Of even larger significance is the way “Echo’s Bones” is saturated in grief. The revenant Belacqua is a figure of some moment because he is the first of Beckett’s “dead voices.” However painful the fate of the story at the time, Charles Prentice did Beckett a great favor by making him revivify a character he had already killed off. As a mature writer, he will write as if from beyond the grave, and as though language itself is dead. “All the dead voices,” chant Vladimir and Estragon in Waiting for Godot. “They make a noise like wings./Like leaves…. They rustle./ They murmur…. To have lived is not enough for them./They have to talk about it./To be dead is not enough for them./It is not sufficient.” In “Echo’s Bones,” we find Beckett listening for the first time to the rustling and murmurs of those who go on talking because being dead is not enough for them. The story’s title comes from Ovid’s nymph Echo, whose bones turn to stone but whose voice lingers on. This will be one of the great recurring ideas of Beckett’s mature work—the flow of language that is not stopped by death.

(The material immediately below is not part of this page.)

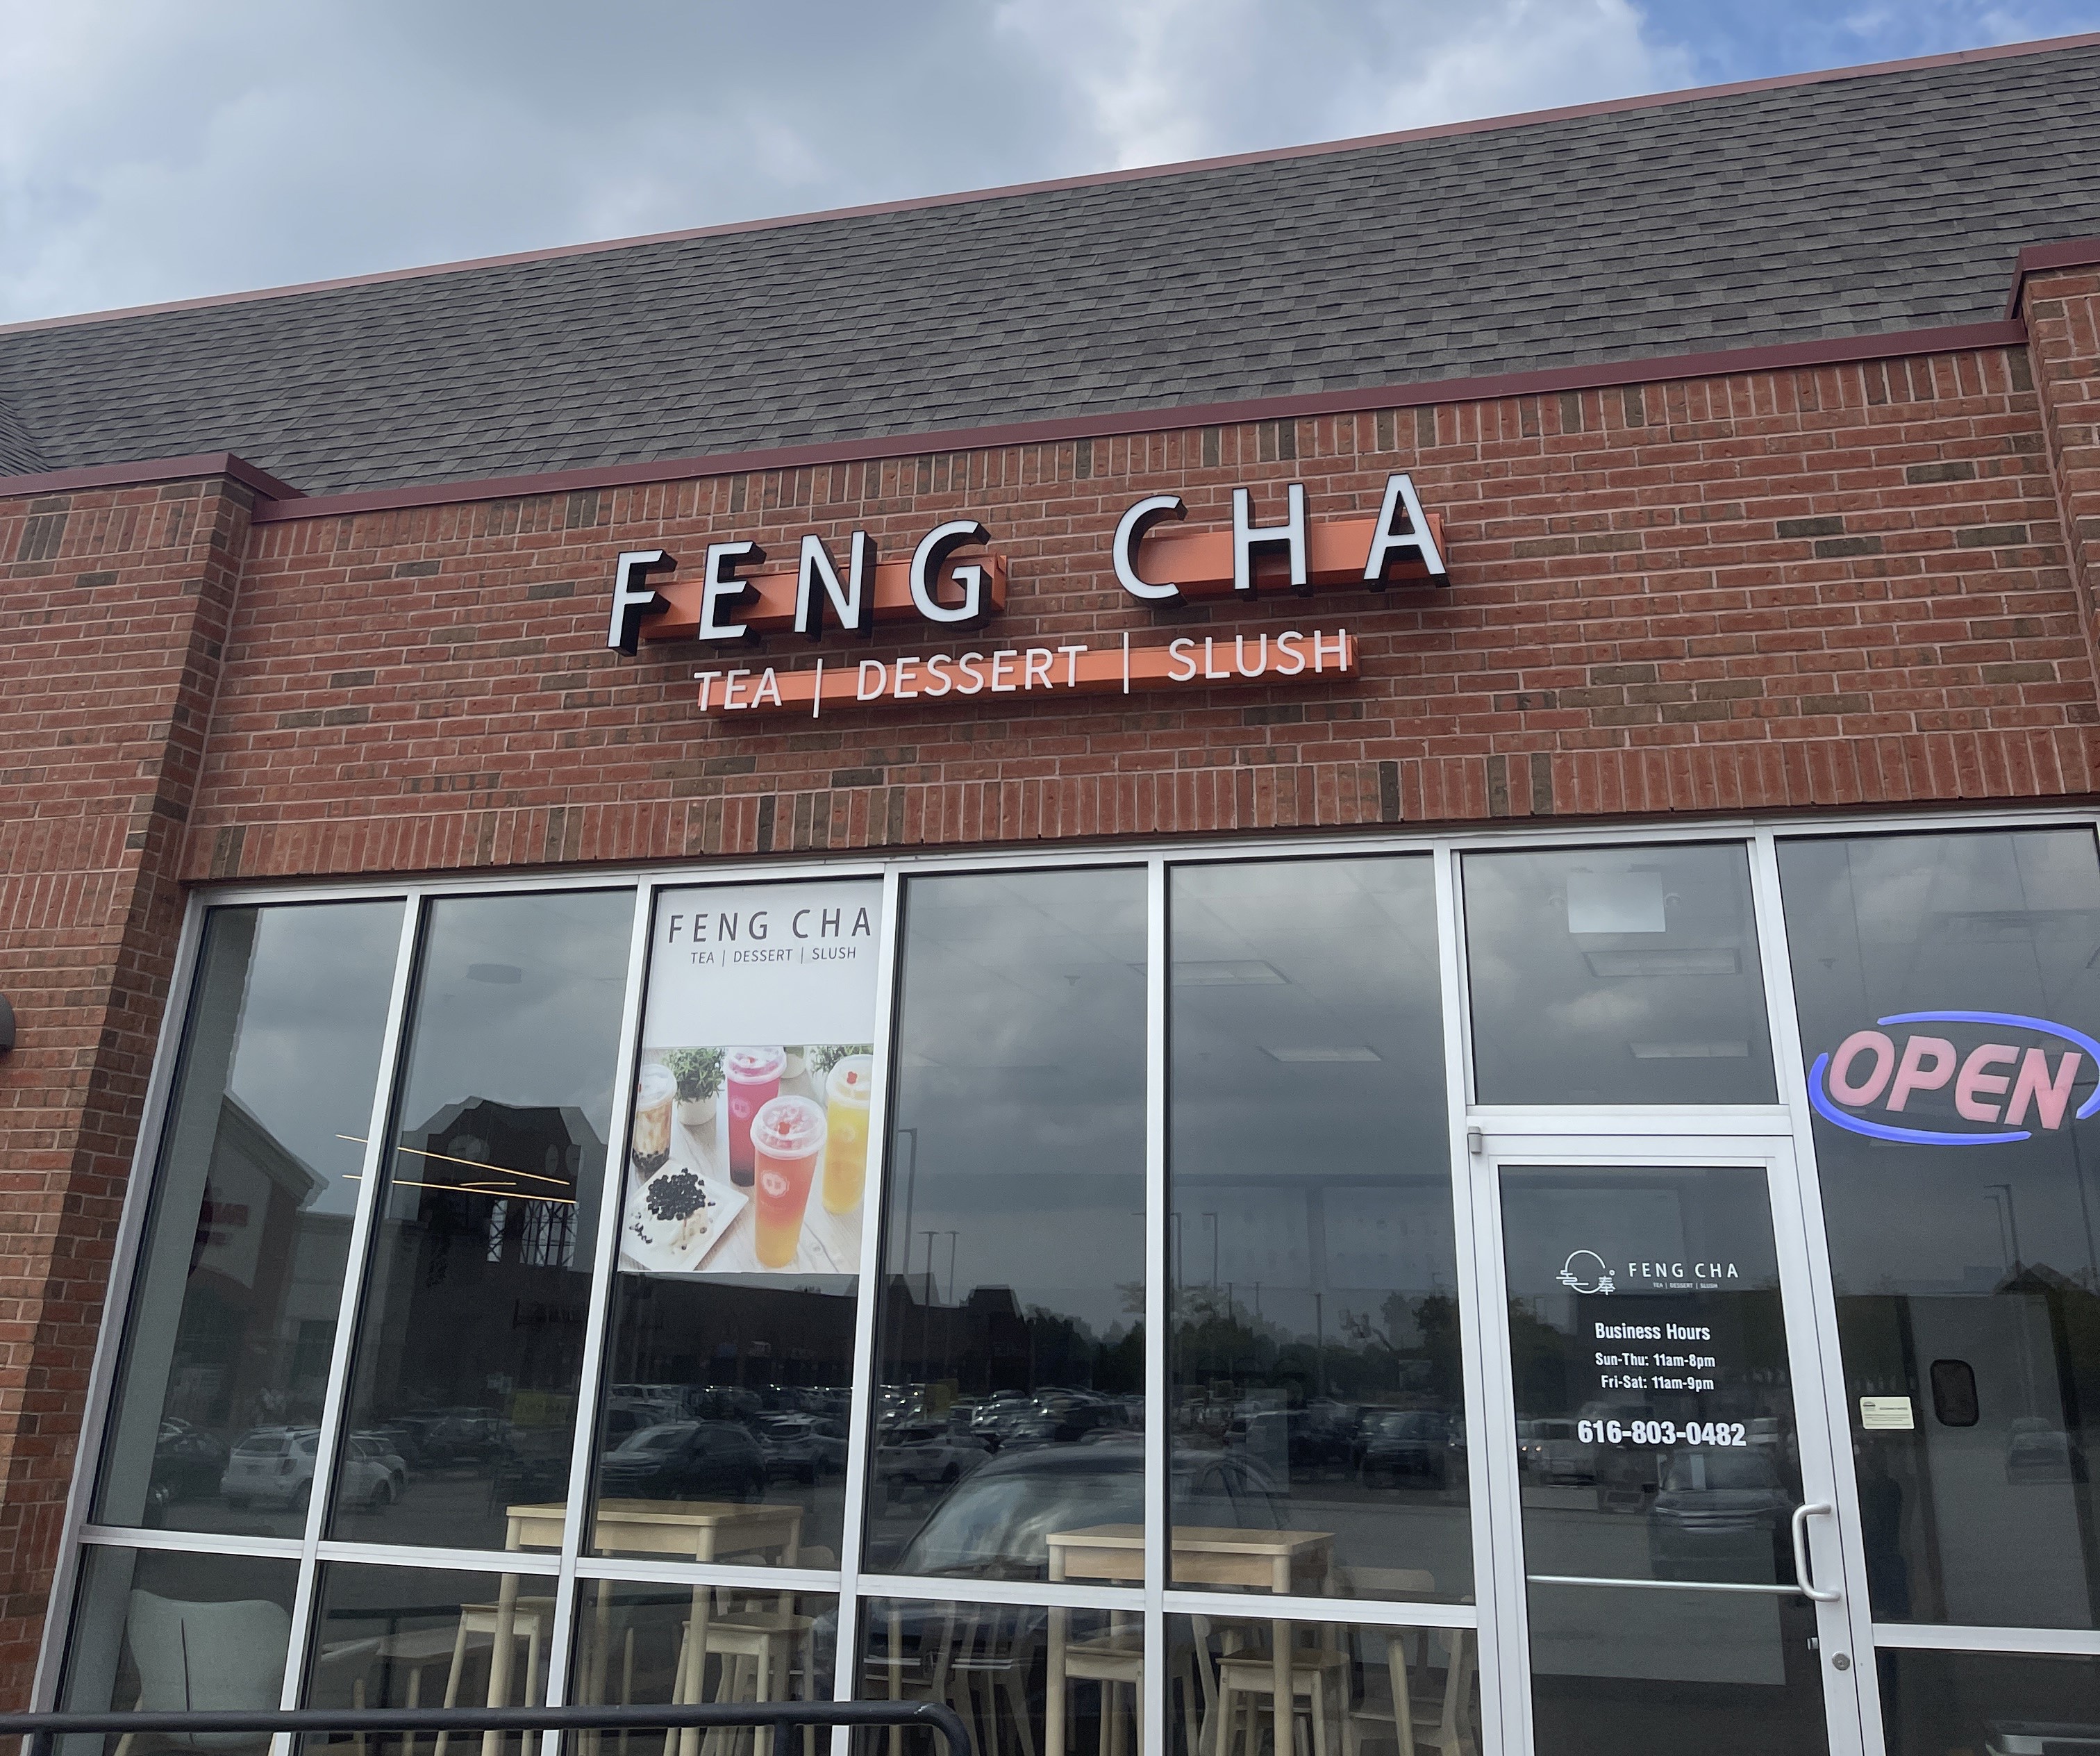 Theon Boba Tea and Cafe Momo House Opens in Grand Rapids

This idea hardly arose in 1933 merely because Prentice asked for another story. The need to revive Belacqua forced Beckett to deal in his own oblique way with the thoughts of death that had surrounded him that year. In the ten months before he wrote “Echo’s Bones,” mortality pressed in on him. At the end of 1932, he was in the hospital for operations on his neck and foot: we know from the (paradoxically vivid) penultimate story in More Pricks, “Yellow,” which closely follows that experience, that he was afraid of dying under the anesthetic, the fate that befalls Belacqua in the book. In May 1933, when he was back in hospital for another operation, his first cousin Peggy Sinclair, with whom he had once been infatuated (she is the model for Smeraldina in More Pricks), died suddenly in Germany. A month later, Beckett’s beloved father William, who was just sixty-one, died of a heart attack.

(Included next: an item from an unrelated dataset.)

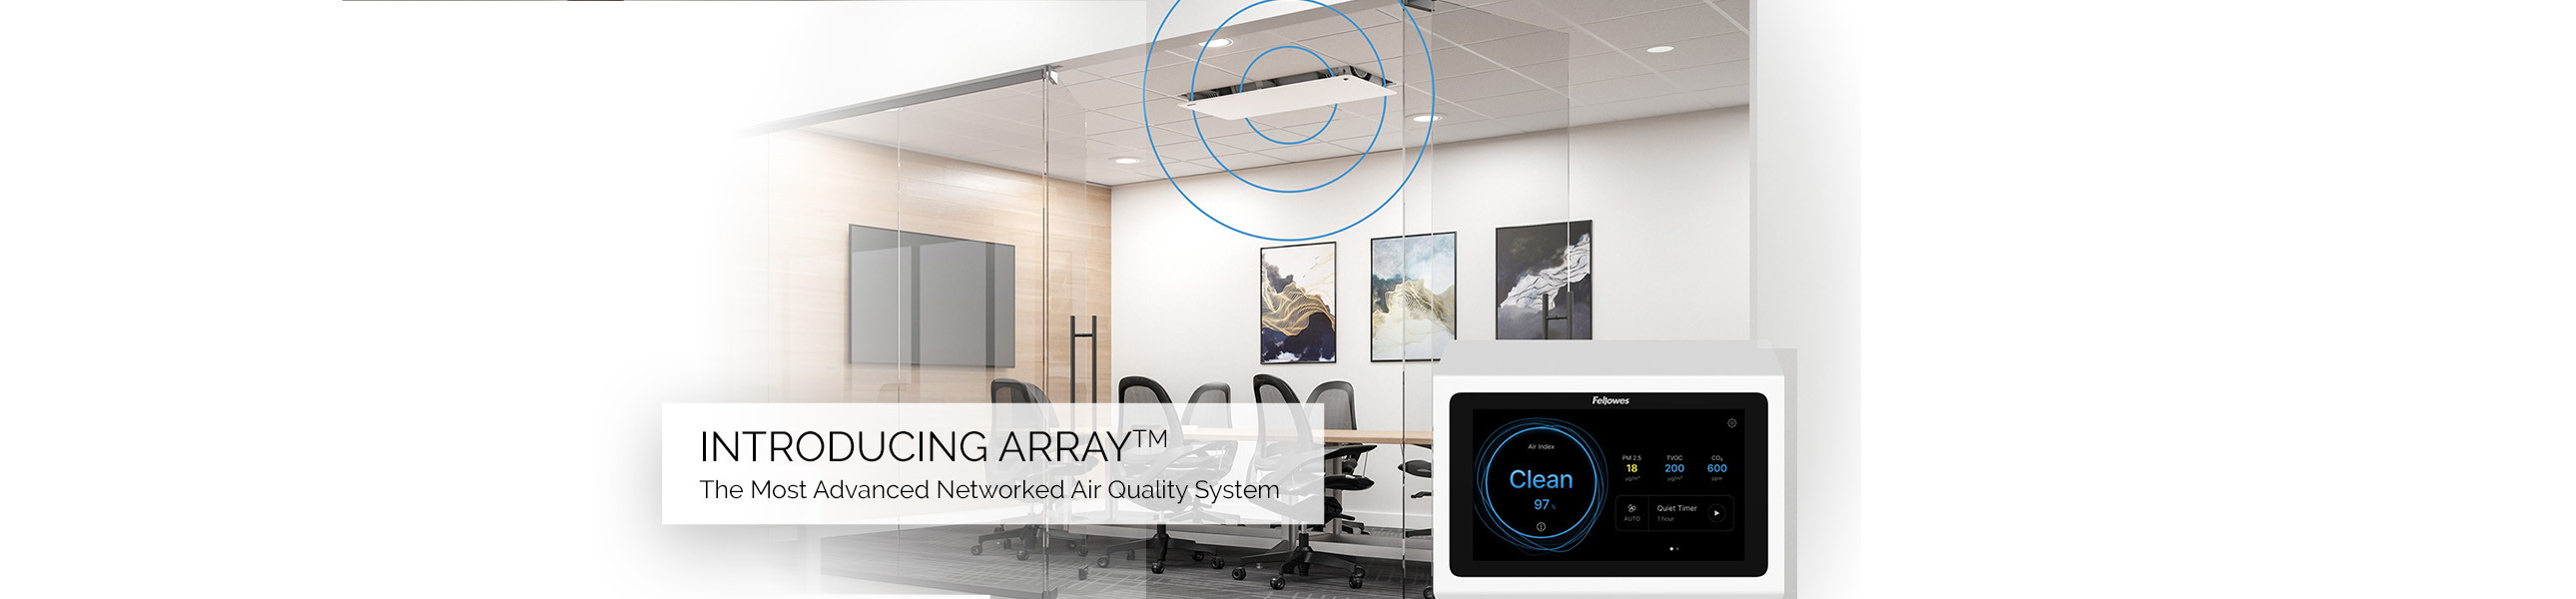 Introducing Array - The Most Advanced Networked Air Quality System

It is no great stretch to suggest that his father’s death, and his own unprocessed feelings about it, form the emotional setting for “Echo’s Bones”: the graveyard haunted by the returned Belacqua, set between the sea and the mountains, is clearly Redfern cemetery in Greystones, County Wicklow, where William had just been interred and the undertaker said to have buried Belacqua, Nichols, did the same office for Beckett’s father. It is unsurprising that Hamlet, the archetypal son haunted by his dead father, is a point of reference in the story.

It is grief—and the attempts to mock and defy it—that gives to “Echo’s Bones” a quality beyond Beckett’s precocious cleverness. There is a new note of Dantesque beauty in the opening paragraph:

The dead die hard, they are trespassers on the beyond, they must take the place as they find it, the shafts and manholes back into the muck, till such time as the lord of the manor incurs through his long acquiescence a duty of care in respect of them.

The whole story can be read as an extended fantasy in which death itself is rendered negligible, or as Belacqua puts it, “I sometimes wonder whether death is not the greatest swindle of modern times.” If Belacqua’s ghost has any message it is that “One: no lives can be dropped. Two: you can’t cut off the entail.” Therein lies the seed of Beckett’s mature work, in which even the most minimal of lives refuses to be dropped and even the dead refuse to be cut off in their incessant flow of speech. When his father died, Beckett wrote to McGreevy: “I can’t write about him, I can only walk the fields and climb the ditches after him.” But perhaps in following his father’s footsteps, Beckett found a way to begin to walk in his own shoes.